When More Than One Model Evolves at Once

The pattern shown so far pins a single thing: the process version. Real systems rarely stay that simple. A loan approval process tends to coexist with a document model (the layout and content of the regulatory disclosure), a task structure (the work items underwriters see in their queue), and a calculation policy (how risk and effective interest are computed). Each of these evolves on its own schedule, driven by different teams and different external pressures. A compliance update to the disclosure form should not have to wait for the next process release; a new risk model should ship without re-versioning the workflow.

The pinning mechanism extends to this without changing shape. Instead of pinning each model independently and risking inconsistent combinations, you pin the process version and let a small compatibility mapping translate it into a coherent bundle: process V2 implies document V3, task structure V2, calculation policy V5 - the numbers do not need to line up, because each axis evolves on its own. The event in the stream stays a single anchor. The mapping lives next to the strategy registry, and the event sourcing handler that hydrates the in-memory model on replay picks all the right pieces at once.

The payoff is the same as for the single-model case, but compounding. An application started under process V2 keeps the entire world it began in - the rules it was decided by, the form it was disclosed with, the tasks it generated, the interest it was quoted - even years later, even as each model behind it has drifted independently. The pin freezes a coordinate in a multidimensional version space, not a single number.

What You Have Learned

Schema evolution and process evolution look similar from a distance, but they require different tools. The strategies in the first article - upcasting and lazy enrichment - bend stored data into the shape today's code expects. They work because the change is one of representation, not of behavior. When the change is behavioral, when the rules themselves shift, you need a mechanism that records which rules applied, not which fields existed.

Pinning is that mechanism. You write the version into the event stream at process start, you let each instance carry its own pinned version forever, and you model each version as a complete strategy that knows its own rules. The event store remains immutable, the rules evolve freely in code, and instances finish under the rules they began with - unless you deliberately migrate them.

The deeper reason this works is a layering that CQRS already encourages but rarely makes explicit: command handlers enforce invariants and ask status-level questions, strategies encode the versioned policies that answer them.
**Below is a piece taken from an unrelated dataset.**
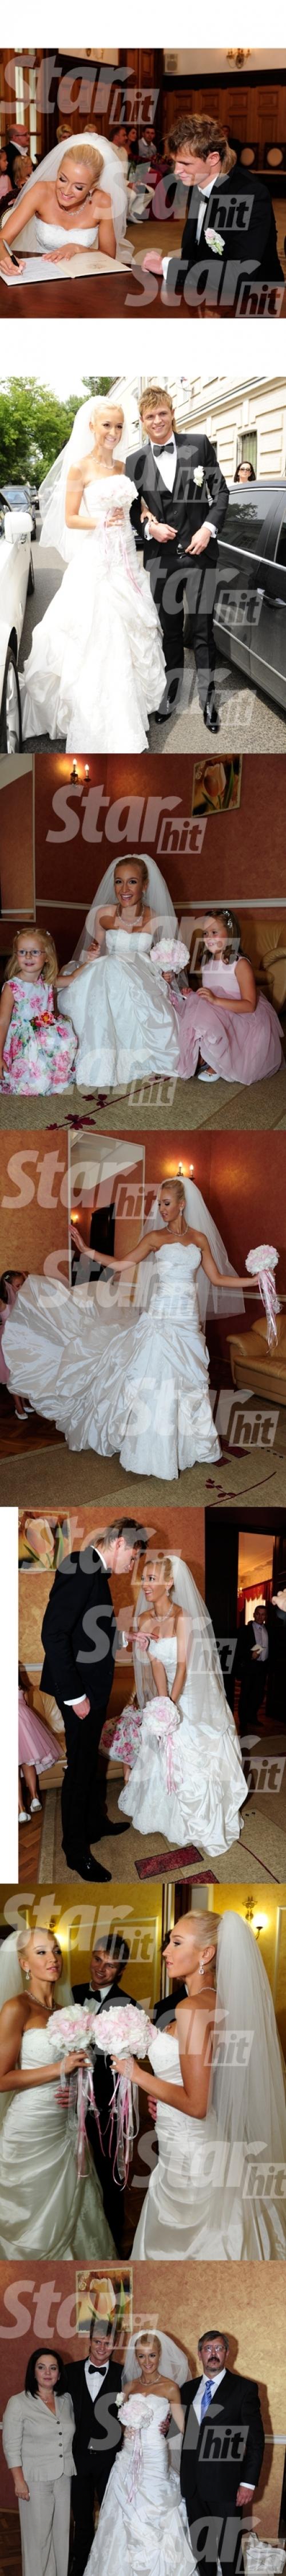 282Виолетта все свадьбы

When that line is drawn cleanly, version-specific change concentrates in the policy layer and stops leaking into handlers, projections, and side-effect emitters. Evolution costs do not disappear, but they become predictable, localized, and bounded by the size of one new strategy implementation.

The deeper lesson is the same across both articles in this series. The event store is the ground truth, and everything else - schemas, rules, strategies - adapts around it. You do not migrate the events; you give the application the tools to honor what the events recorded. Pinning is the tool when the rules are what changed.